* _RECORDS PROVIDED_
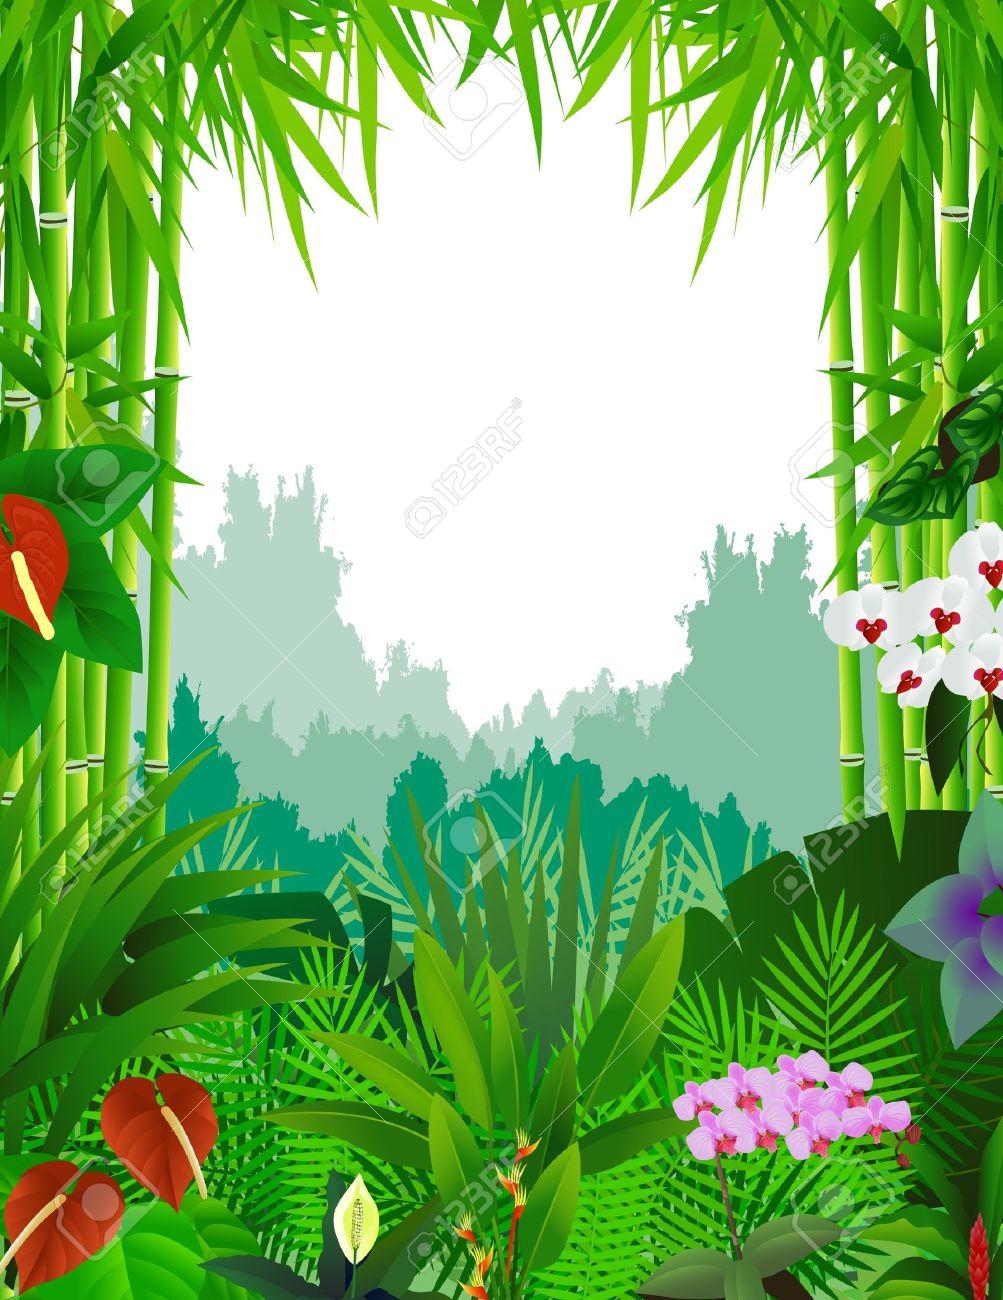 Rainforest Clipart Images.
* * *
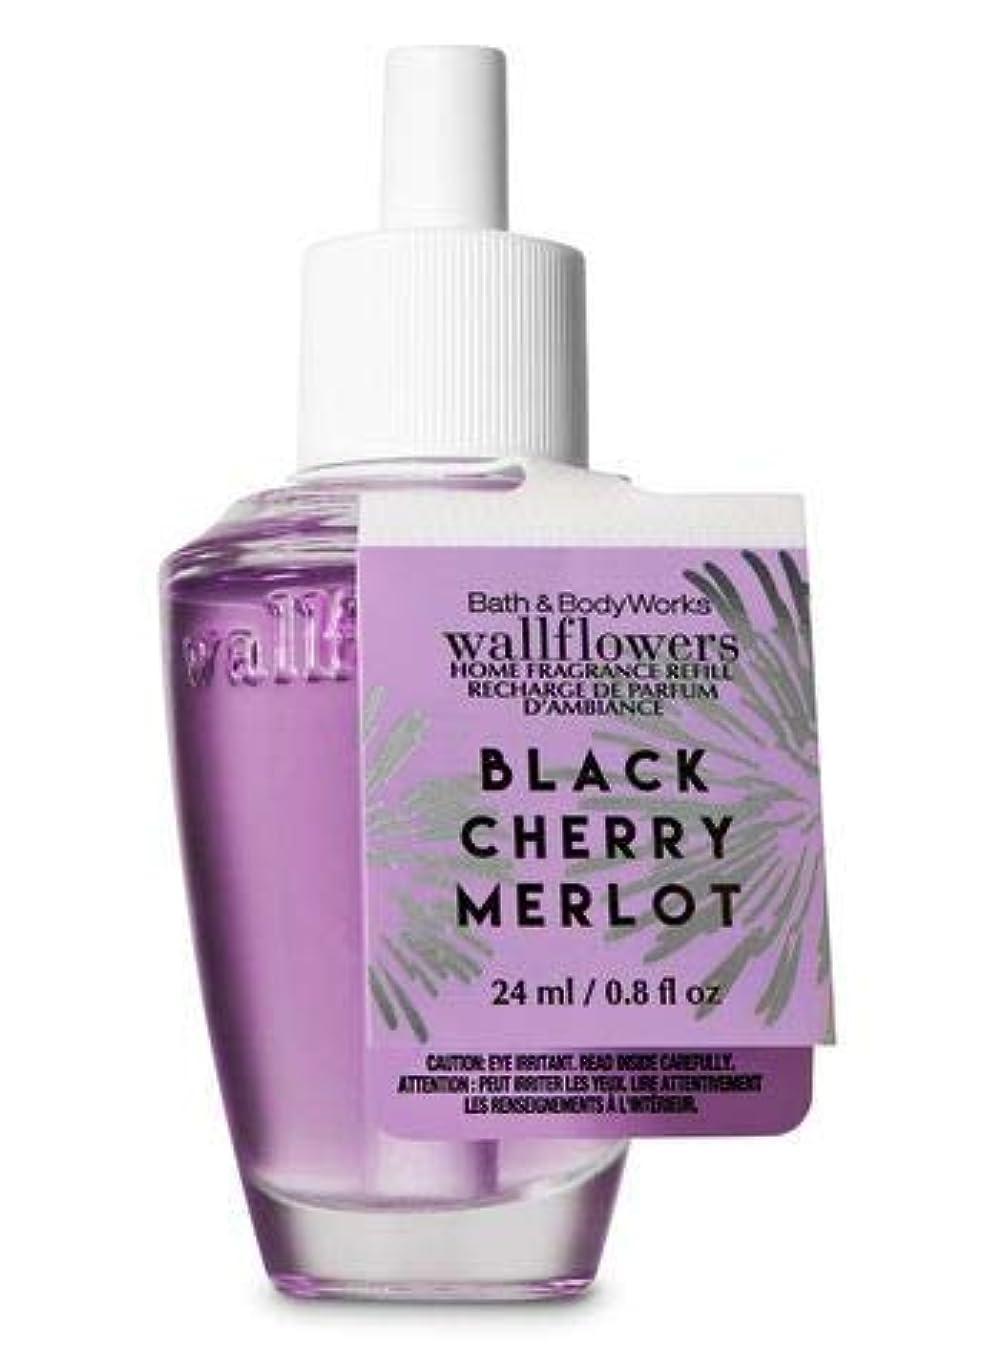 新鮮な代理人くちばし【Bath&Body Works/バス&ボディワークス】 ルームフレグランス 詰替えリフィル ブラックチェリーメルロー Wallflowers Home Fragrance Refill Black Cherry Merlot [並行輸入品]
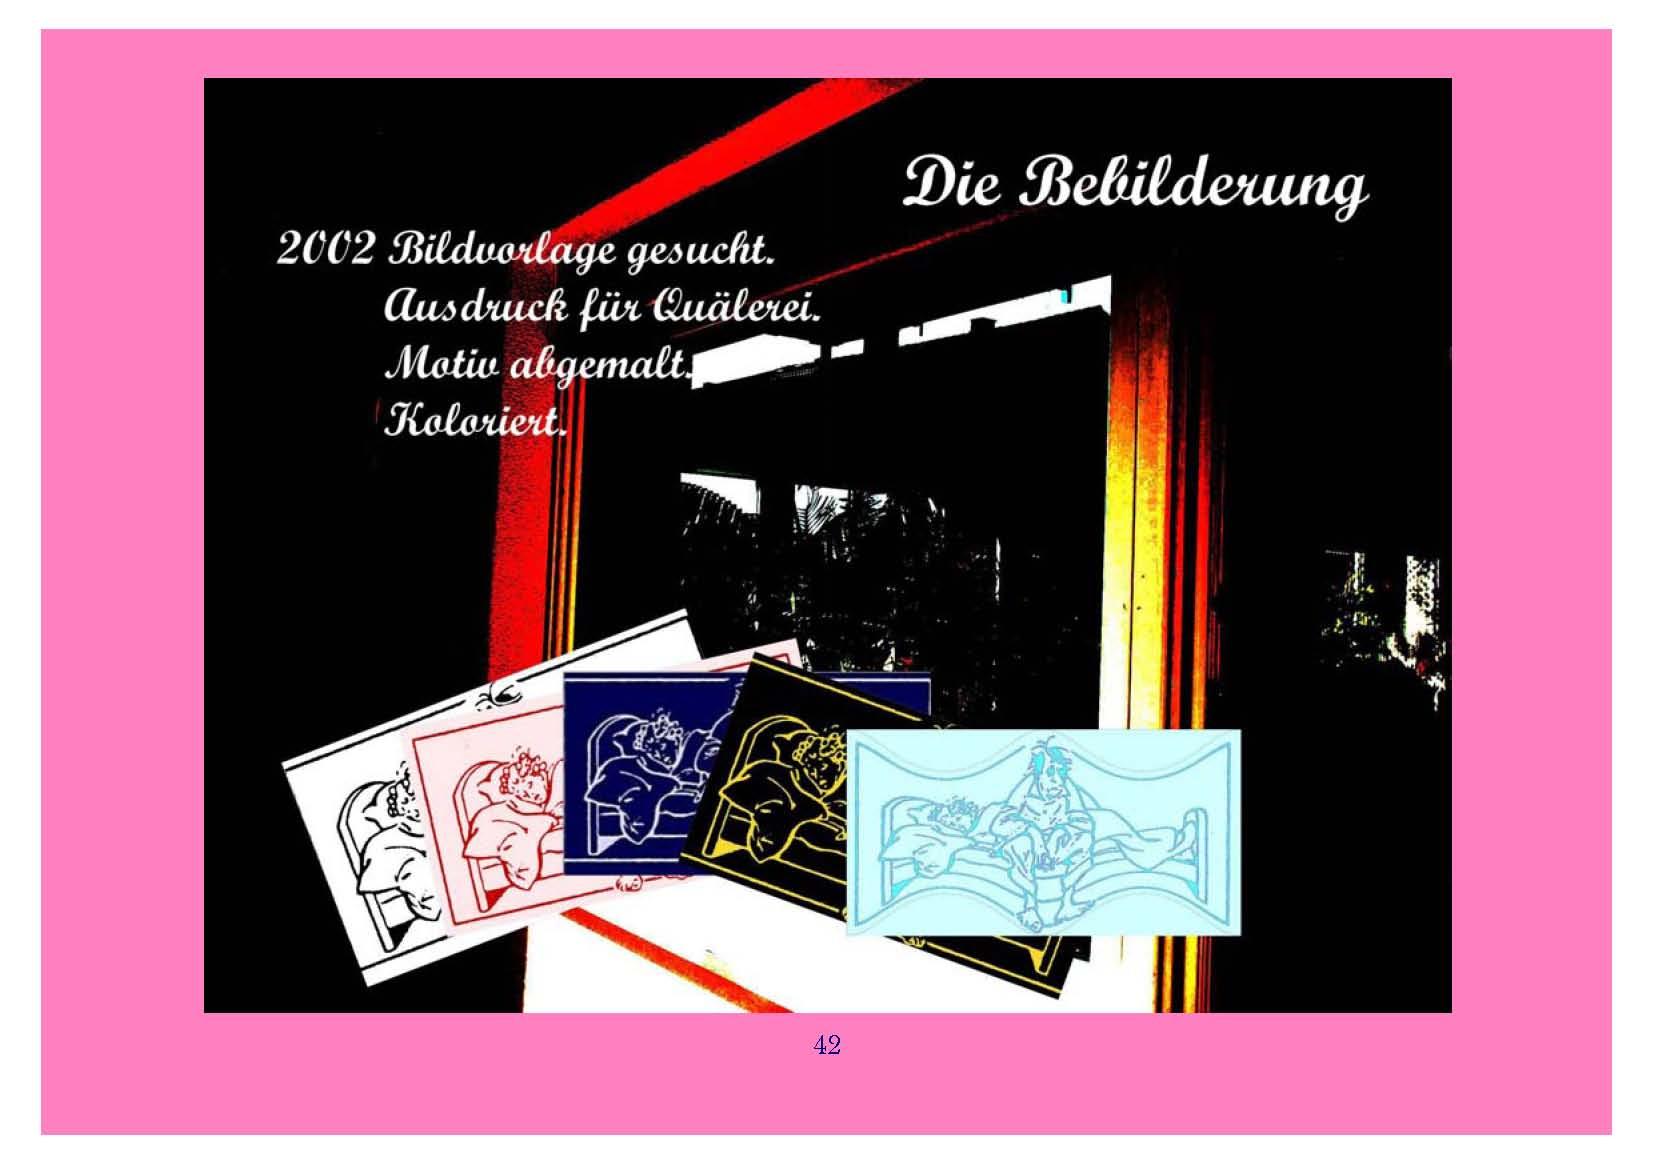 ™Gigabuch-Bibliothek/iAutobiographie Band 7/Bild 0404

* _REQUIREMENT_
Among the records above, locate the line containing "新鮮な代理人くちばし【Bath&Body Works/バス&ボディワークス】 ルームフレグランス" and the line containing "Band 7/Bild 0404", then transcribe exactly the lines starting at the first and ending at the second, with no pictures.

* _WRITTEN ANSWER_
 新鮮な代理人くちばし【Bath&Body Works/バス&ボディワークス】 ルームフレグランス 詰替えリフィル ブラックチェリーメルロー Wallflowers Home Fragrance Refill Black Cherry Merlot [並行輸入品]
 ™Gigabuch-Bibliothek/iAutobiographie Band 7/Bild 0404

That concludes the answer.